The Clady River flows out of the western end of Lower Lough Nacung (Irish: Loch na Cuinge Íochtarach) in Gweedore. Lower Lough Nacung is immediately north-west of Upper Lough Nacung (Irish: Loch na Cuinge Uachtarach). The Clady River mainly flows in a west-north-westerly direction for its entire course, flowing into the Crolly River (Irish: Abhainn Chroithlí), also known as the Gweedore River, on the south-western outskirts of Bunbeg (Irish: An Bun Beag). The river enters the Crolly River beside Bunbeg Quay, very near the Crolly River's mouth. This part of the Crolly River is known as An Gaoth ('The Inlet' or 'The Estuary'), and is effectively an inlet of the North Atlantic. The Clady River is about 5 miles (around 8 kilometres) in length.

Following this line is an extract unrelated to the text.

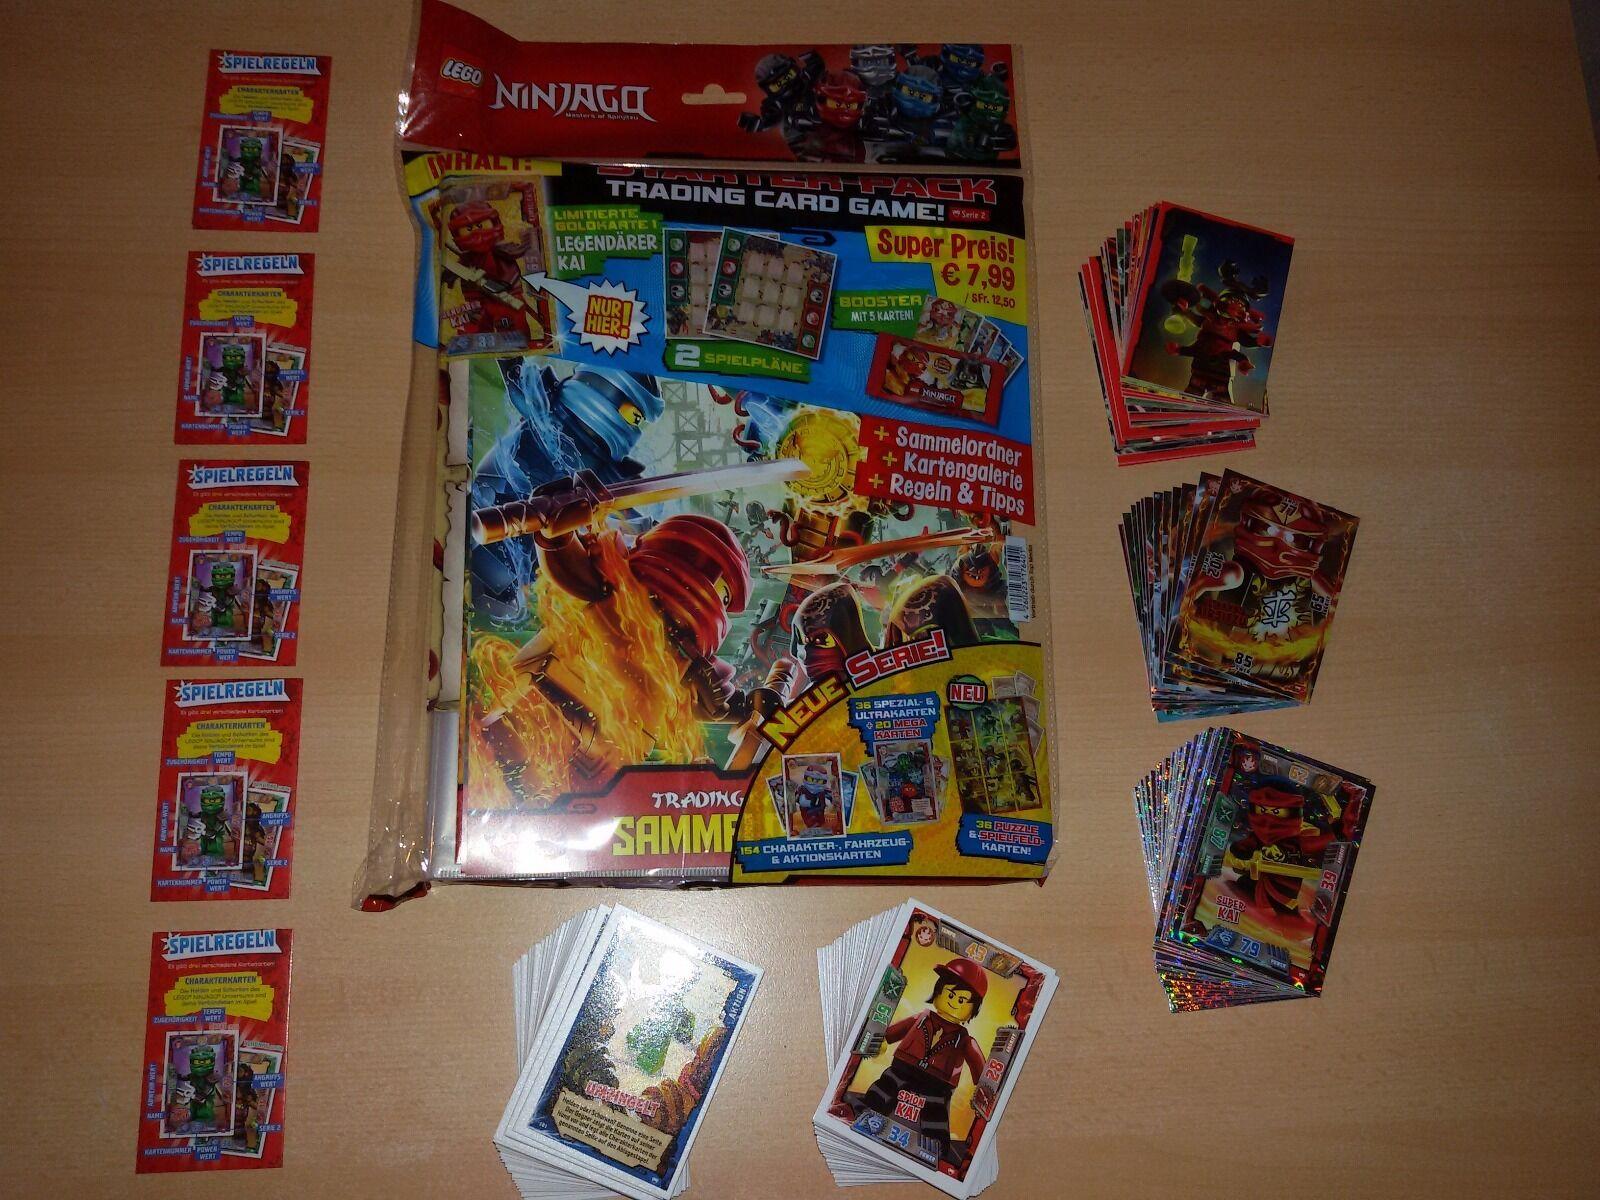 Lego Ninjago Trading Cards Serie 2 Sammelmappe mit 218 Karten  ...nagelneu...

The N56 crosses the Clady River near its source, crossing it very near the western end of Lower Lough Nacung. The R257 crosses the river at Clady Bridge in Bunbeg. Almost all of the R258 runs alongside the Clady River, this road running along the river's right bank, from near the river's source to its mouth at Bunbeg Quay.

==Hydroelectric scheme==

In the second half of the 1950s, the E.S.B. built a hydroelectric power station in Gweedore. The power station, officially called Clady Power Station, is located in the townland of Dore, and is just under two miles south-west of where the Clady River leaves Lower Lough Nacung. The station is powered by water diverted from the Clady River. A 'canal' was built to carry the diverted water from the river, as it flowed out of Lower Lough Nacung, to the power station. The 'canal' branches off from the Clady River at the Gweedore Weir. The 'spent water' from Clady Power Station then flows directly into the Crolly River, also known as the Gweedore River. This power station, which was built between 1954 and 1959, remains in use today.